Background information
- Origin: Cornwall, England
- Genres: folk, skiffle, klezmer, punk, surf, indie, blues, jazz
- Years active: 2000–present
- Website: juliangaskell.co.uk

= Julian Gaskell =

British musician

Julian Gaskell is a British multi-instrumentalist, band leader, composer and singer-songwriter, who spent several years writing, recording and performing in Manchester, and is now based in Falmouth, England.

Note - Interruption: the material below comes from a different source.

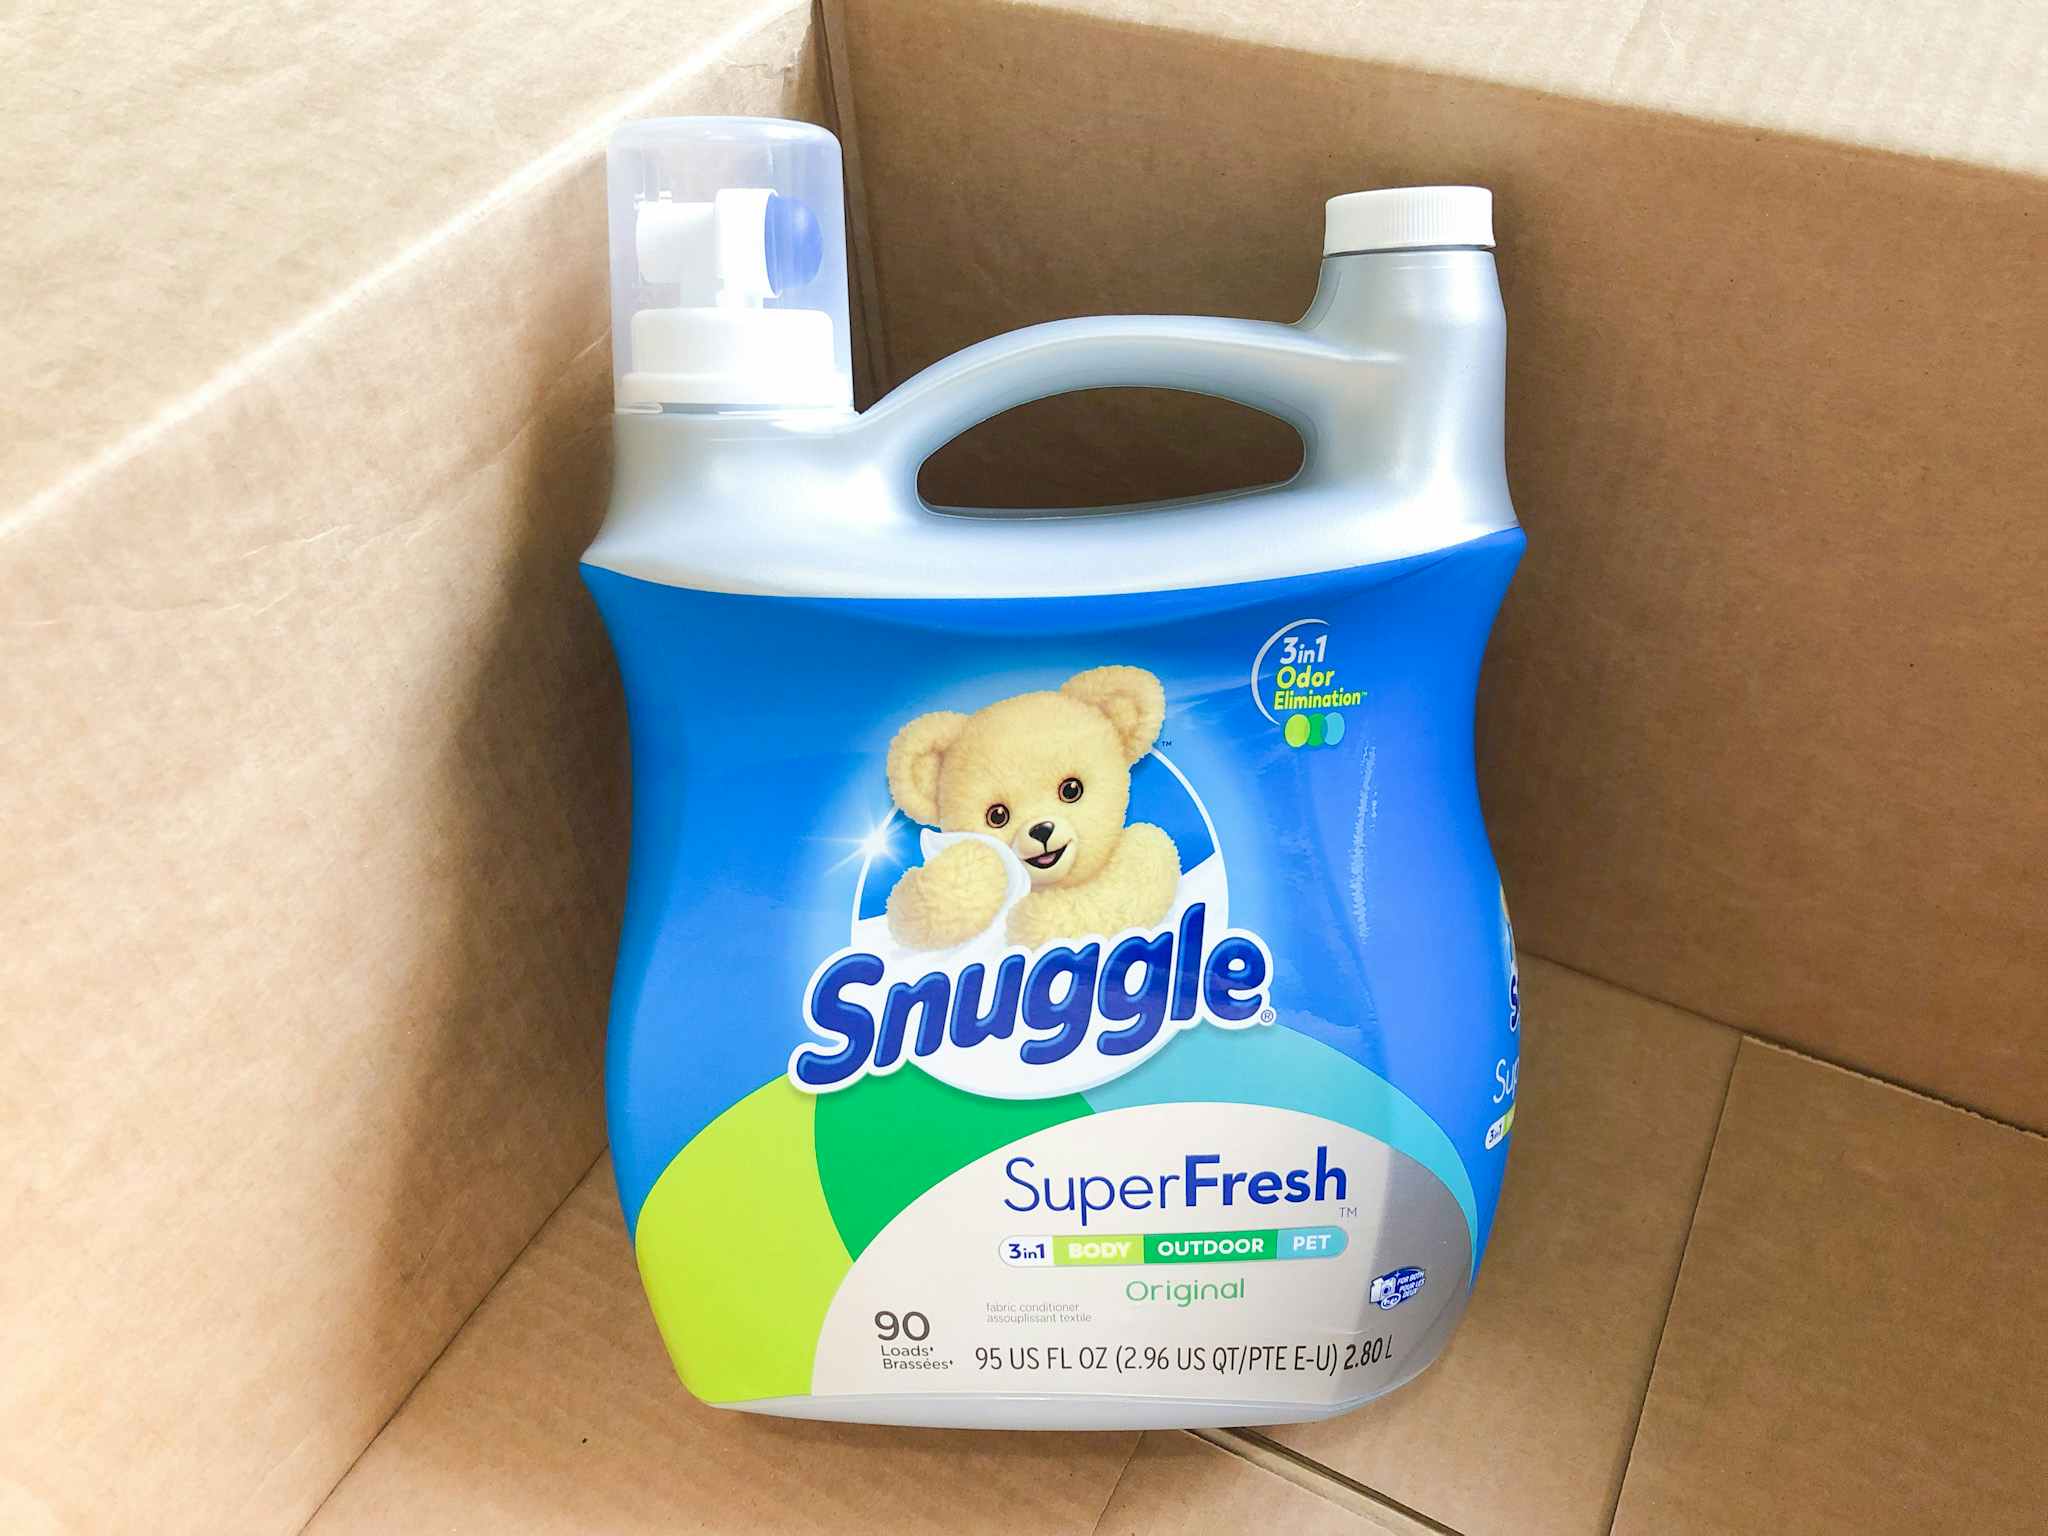 A Snuggle fabric softener bottle in an open delivery box.

He has performed and recorded solo, as well as being a founder member of a number of bands, including Loafer, Icons of Poundland, Leigh Delamere & the Gordanos and Julian Gaskell and his Ragged Trousered Philanthropists.

== History ==
===Loafer and Icons of Poundland===
Gaskell studied Popular Music at the University of Salford and for a time played in the band Indigo Jones, leaving shortly after the release of their first single. In the early 2000s he performed and recorded extensively with two Manchester-based punk bands, Loafer and Icons of Poundland, alongside Ben Emissah on drums, Kester Jones on keyboards and guitar, and Alex Timewell who played bass. Loafer released much of their material independently via their own label Lipstick Head Records, including the album Care in the Community which they toured around the country. Gaskell was a regular at Manchester venue Big Hands and Icons performed a residency there in 2003. Both acts featured prominent guitar work, as well as instrumental assistance (particularly on Hammond Organ and second guitar) from Kester Jones who has continued to contribute to Gaskell's recordings until the present day. During this period, he also worked as a producer for Tom Hingley and the Lovers, I Am Kloot, Fast Cars, Jackie-O, Moco, The Obsession, Loose Canon and Kirsty McGee.

===Solo and with the Ragged Trousered Philanthropists===
After relocating to Cornwall, Gaskell recorded and released the 17-track set, Technology Will Make Us Better, through Top of the Hill recordings in 2005. The record received favourable reviews among a number of publications such as Manchester Music and 247 Magazine.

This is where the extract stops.